*SUPPLIED MATERIAL*
+++

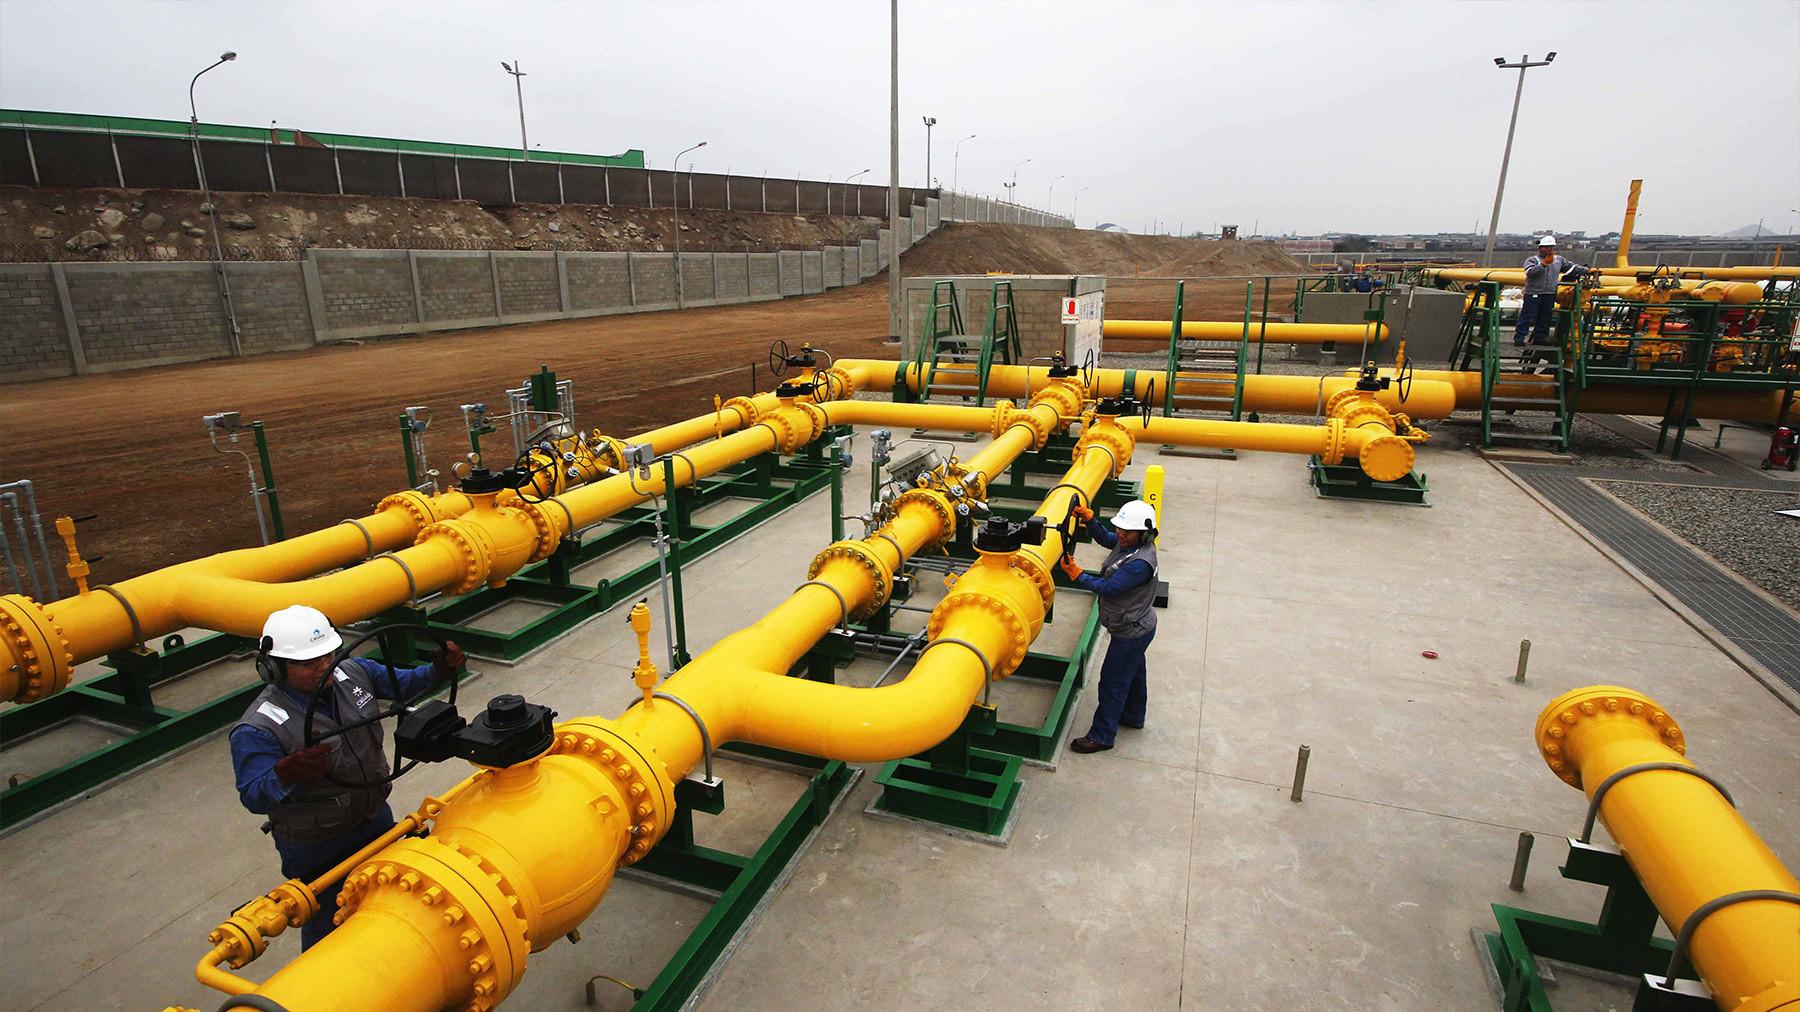 distribuidoras-de-gas-natural-enfrentan-menor-demanda-y-problemas-de-cobranza-por-el-covid-19
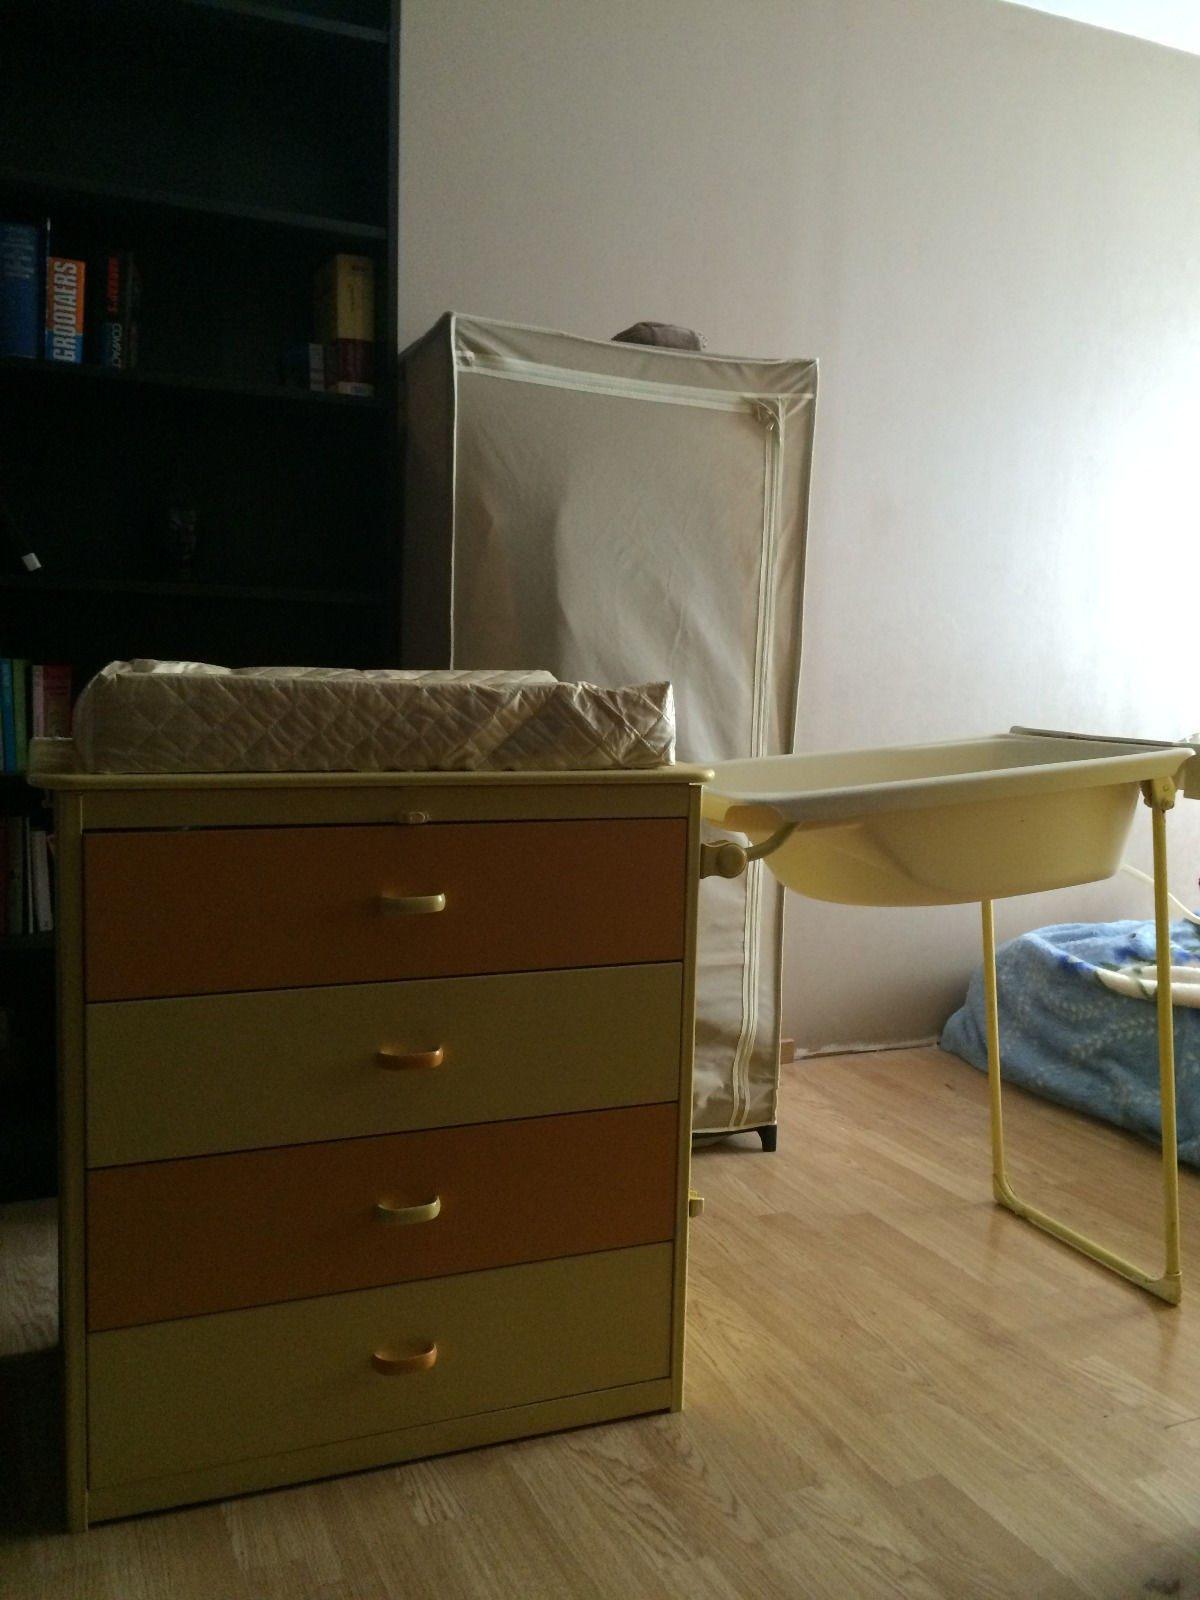 Lit Bébé Table à Langer Élégant Baignoire Ronde Bébé Best Table Langer Conforama Ides – Appiar
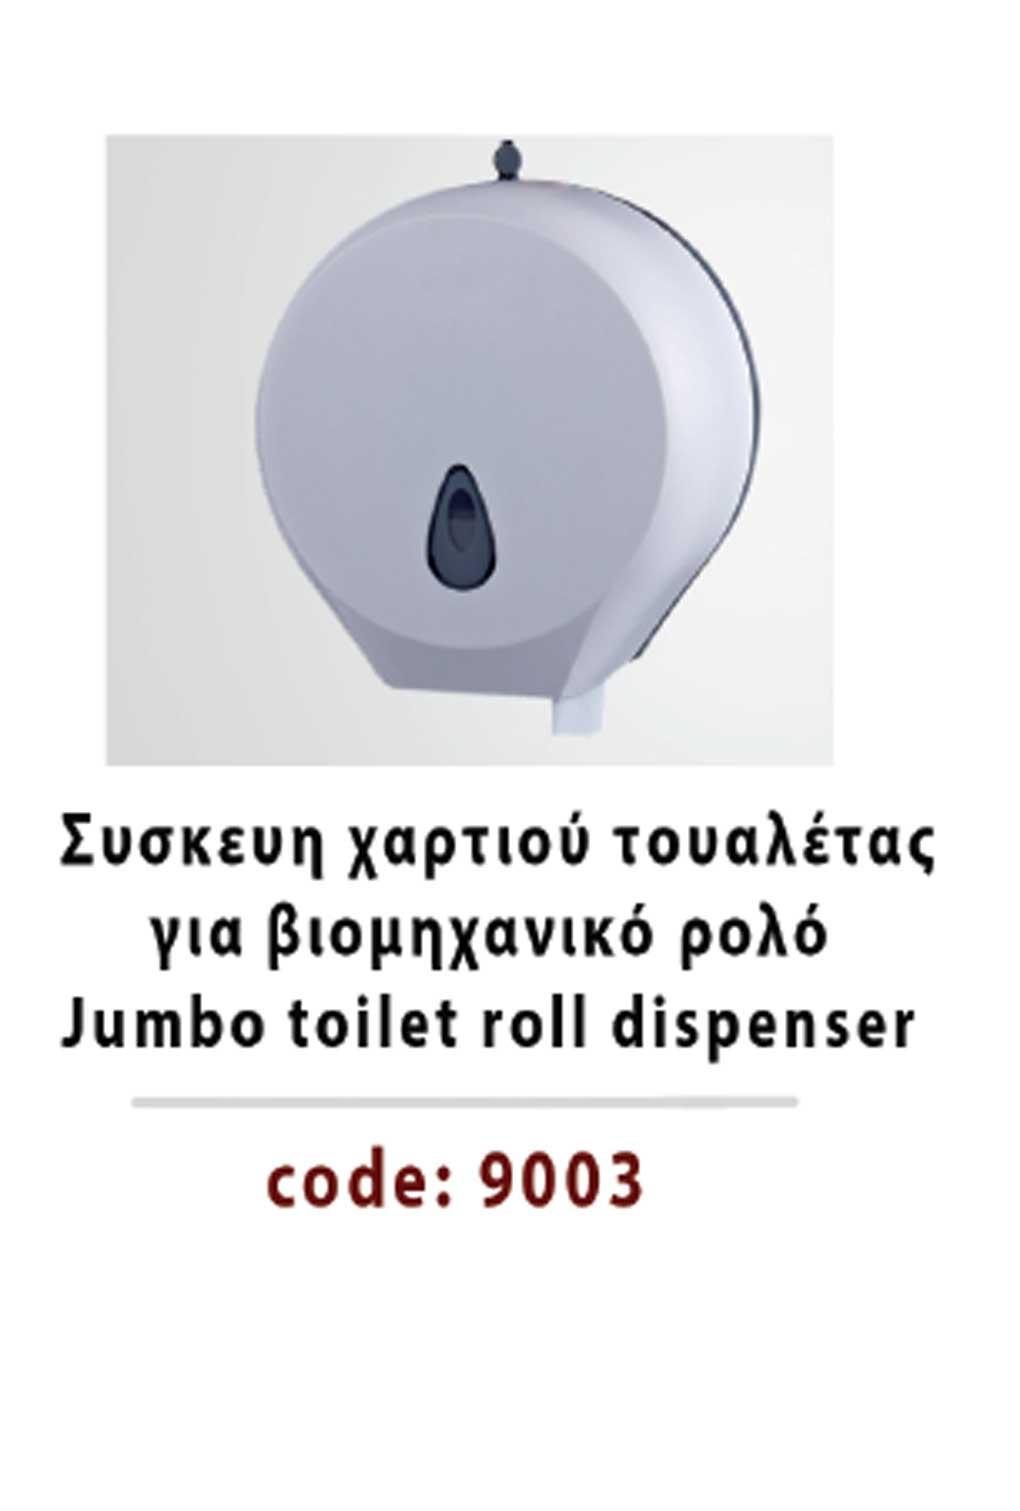 jumbo-toilet-roll-dispenser
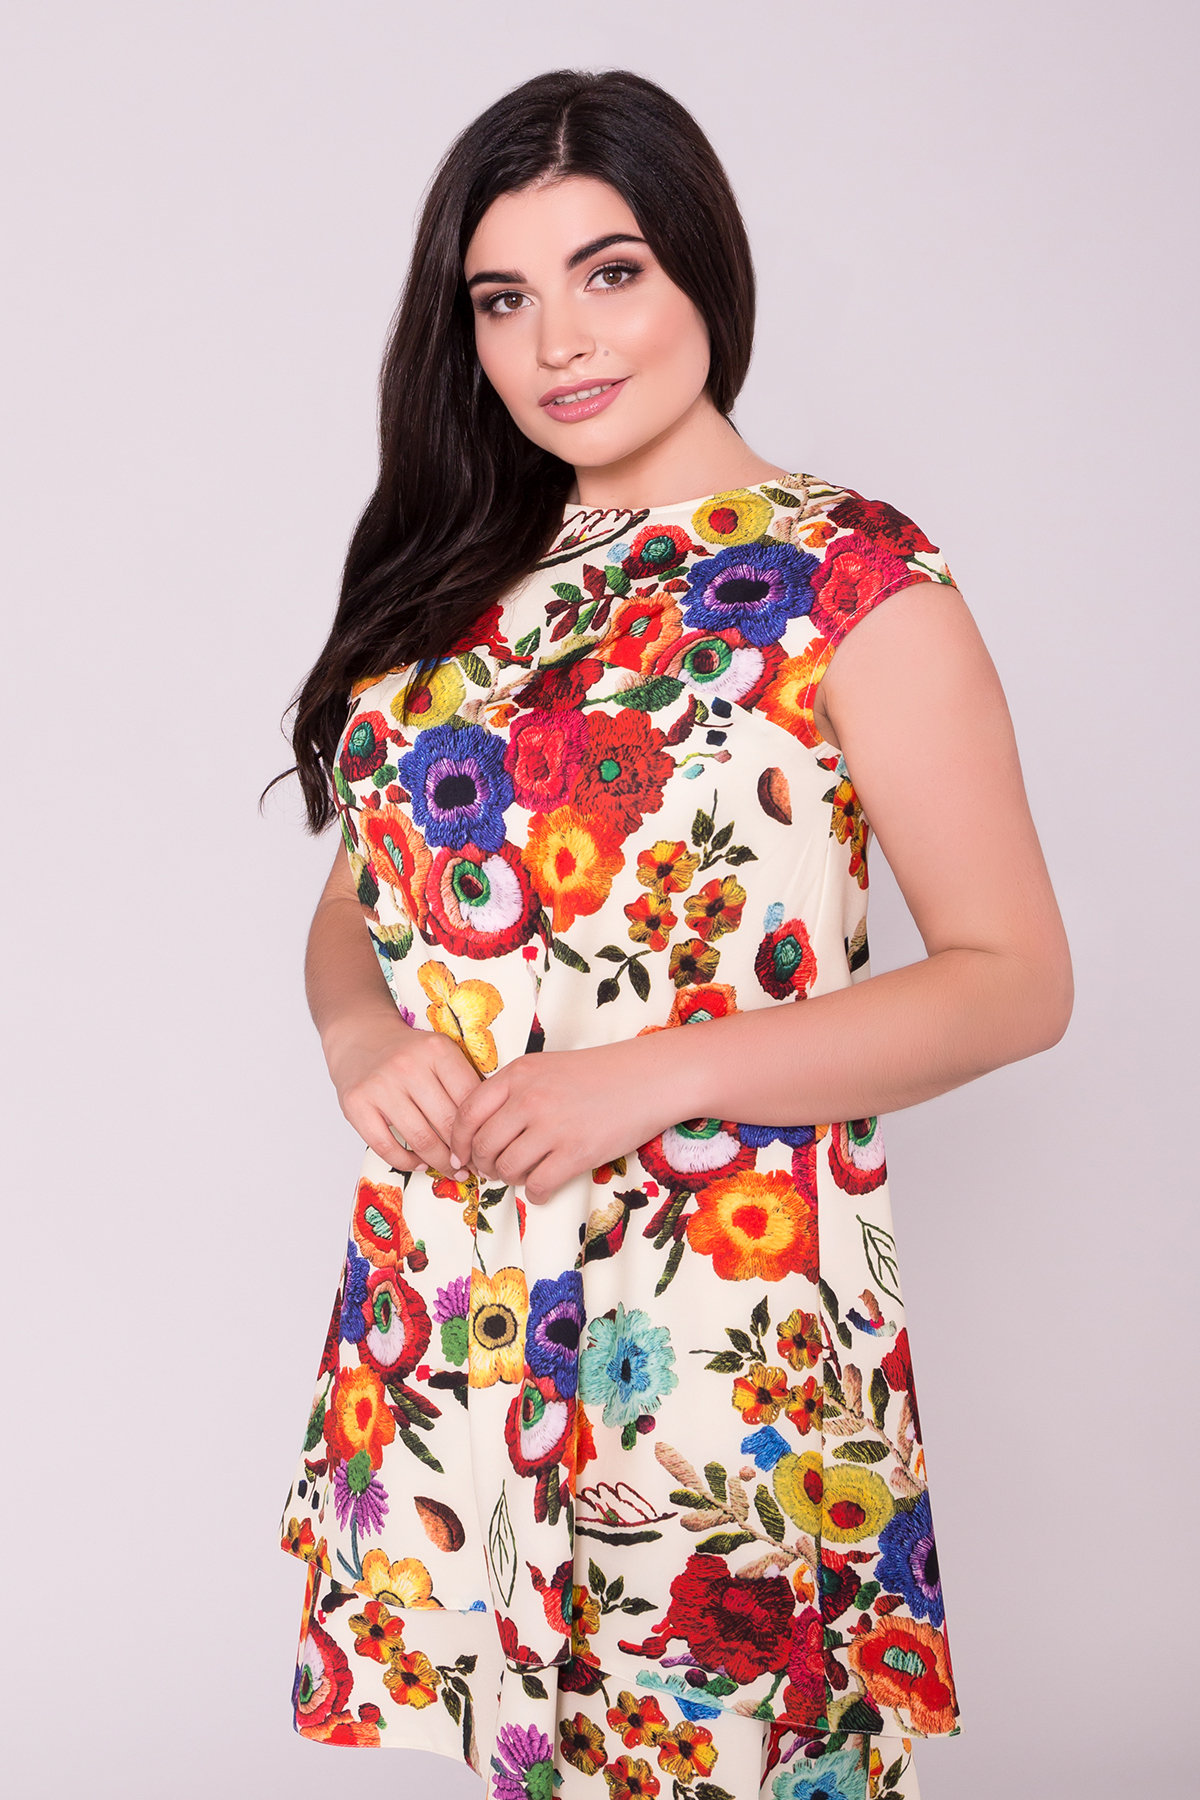 Платье Делафер DONNA 6885 АРТ. 43036 Цвет: Цветы комби молоко - фото 3, интернет магазин tm-modus.ru

+++

Make an exact copy of the data, leaving its pictures out.

*RESULT OF THIS EXERCISE*
 distribuidoras-de-gas-natural-enfrentan-menor-demanda-y-problemas-de-cobranza-por-el-covid-19
 Lit Bébé Table à Langer Élégant Baignoire Ronde Bébé Best Table Langer Conforama Ides – Appiar
 jumbo-toilet-roll-dispenser
 Платье Делафер DONNA 6885 АРТ. 43036 Цвет: Цветы комби молоко - фото 3, интернет магазин tm-modus.ru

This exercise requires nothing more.